Simon Collister of the Human Understanding Lab argues that B2B companies could do with a dose of creativity. Here, he suggests how to do it with neuroscience.

Blue and black abstract painting

Facial coding can be used to assess the emotional impact of your content / Solen Feyissa

B2B marketing is not where you find the best creative work. That’s what most people think. You may even think it. But it doesn’t have to be true. People talk about ‘taking out the jargon’ and ‘thinking about your audience’. Sure. Of course.

But some methods and metrics can help B2B brands launch bold, creative campaigns that are engineered to deliver results. Interested? Read on to find out more.

The conundrums of B2B marketing

No matter your product or audience, there are some challenges that every B2B marketer faces when trying to gain attention and cut-through for their brand.

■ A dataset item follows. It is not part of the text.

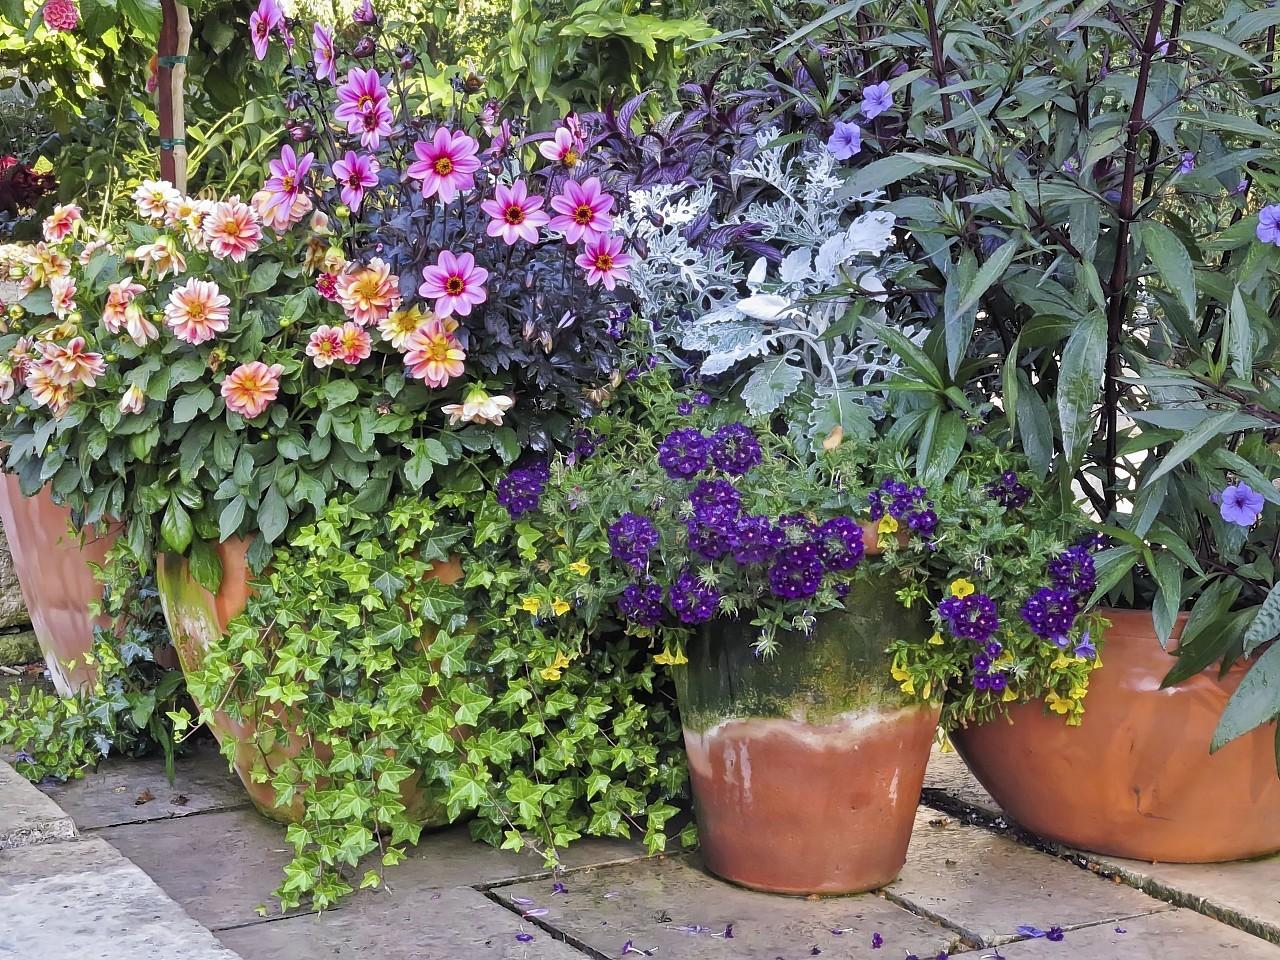 Pot-plants-in-a-garden

Everything looks the same: a classic question you’ll be asking yourself – what makes our product special? There are probably several brands that offer something similar, and all your customers may see is a list of almost identical options.

Too much noise: good B2B products and services cater to specific business needs, which any marketer worth their salt knows inside out. Every brand looking to compete boasts a stellar marketing department, so we all often end up making the same kind of noise in a very crowded space (even when consulting agency partners).

Creativity is risky: bold campaigns are risky. When you have tried-and-tested ways of doing things, that do at times produce results, why would you change? It feels smarter to bet on safer, dependable methods than risk your quarterly numbers on a roll of the creative dice.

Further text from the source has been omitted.